If you look at some of the photos. You'll see I've what I've been using. But in case you do not recognize the lures. I've caught some on Lucky Craft (Ghost Minnow) suspending jerkbaits, Rapala Shad Raps, and a 1/4oz. Venom Lures Real Image bass jig tipped with a #11 Uncle Josh Pork Frog.

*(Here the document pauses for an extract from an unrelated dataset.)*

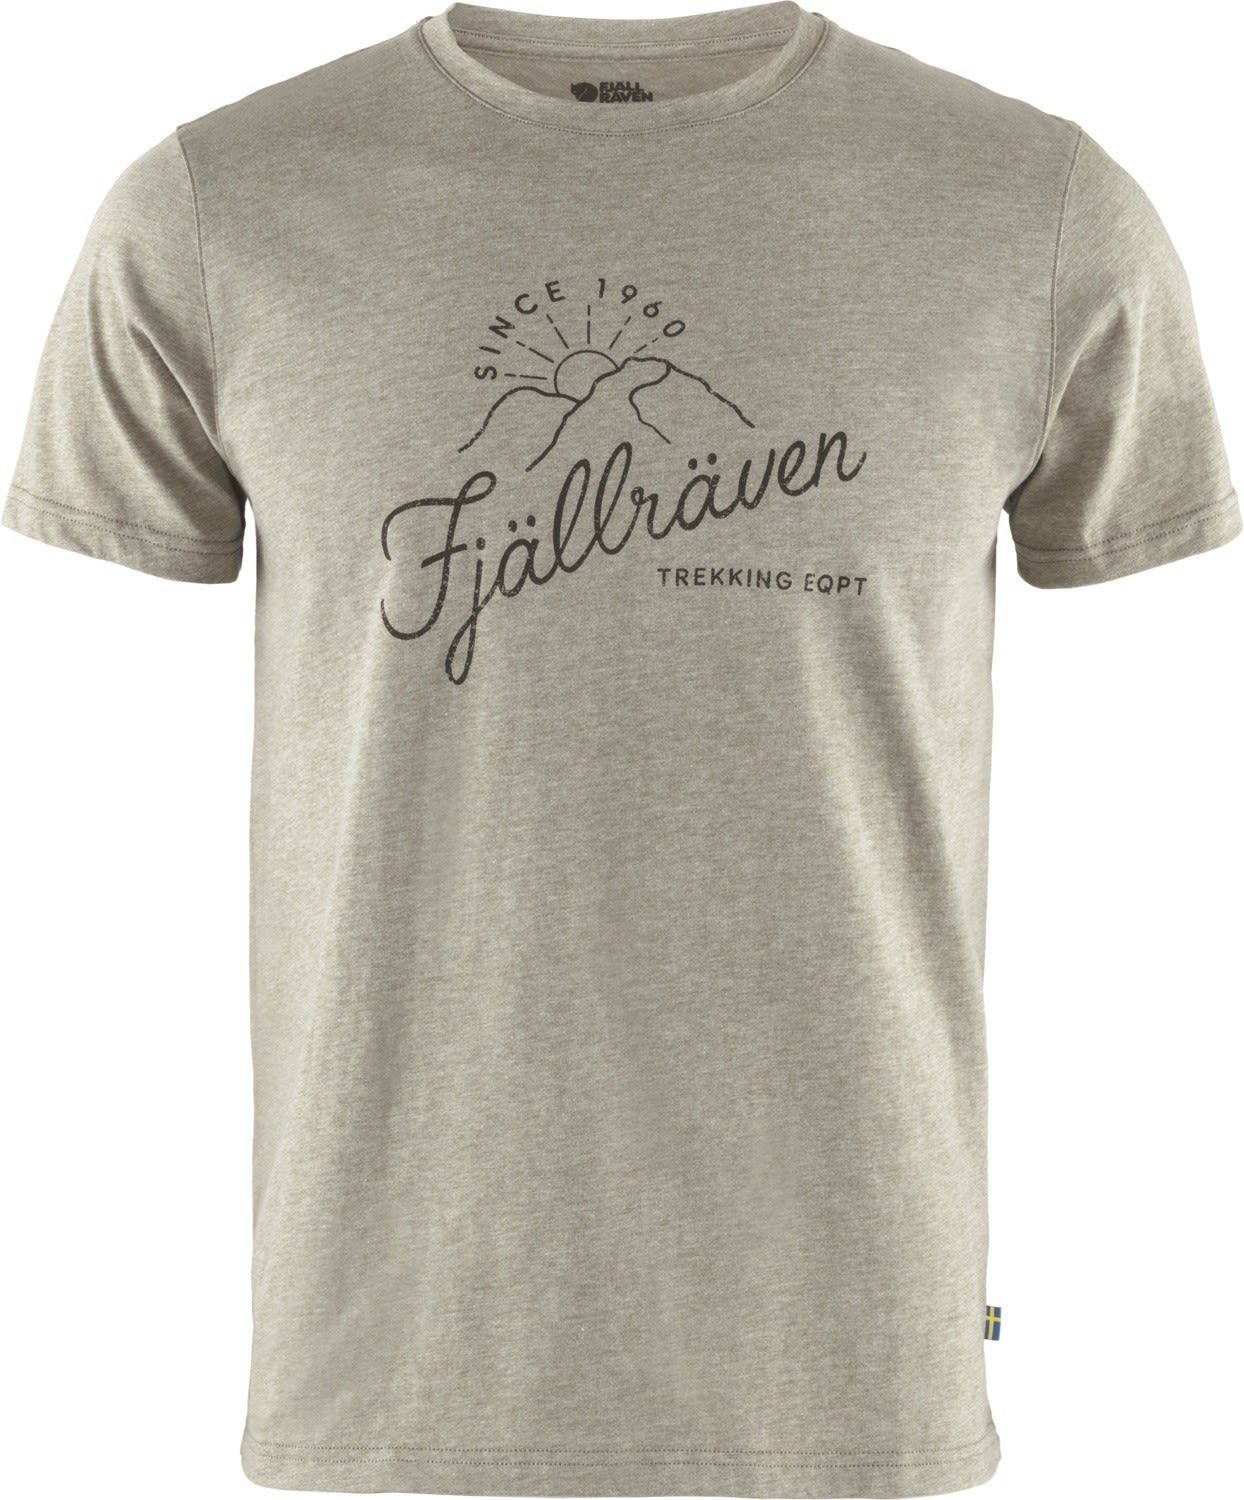 T-shirt Melange T-Shirt Sunrise Herren Green M Fjällräven Kurzarm-Shirt Light Fjällräven -

*Safety Notice - I wear a life jacket until the water warms up to 60-degrees. I recommend it to all.*


----------



## laynhardwood (Dec 27, 2009)

Nicely done


----------



## Mr. A (Apr 23, 2012)

Nice! Gotta love smaller water early in the year! LOL!


----------



## polebender (Oct 29, 2011)

Great looking bass JignPig! Congrats!


----------



## Marshall (Apr 11, 2004)

polebender said:


> Great looking bass JignPig! Congrats!


Nice job jeff. I have not been out yet. Will have to change that this weekend.


----------



## JignPig Guide (Aug 3, 2007)

Marshall said:


> Nice job jeff. I have not been out yet. Will have to change that this weekend.


Thanks man. I'm sure you'll load the boat if there are any fish in the water. Take care.


----------



## NCbassattack (May 5, 2014)

Love the Ghost Minnow Pointer.


----------



## Snyd (May 5, 2004)

Those are some really nice early season bass - Congrats!


----------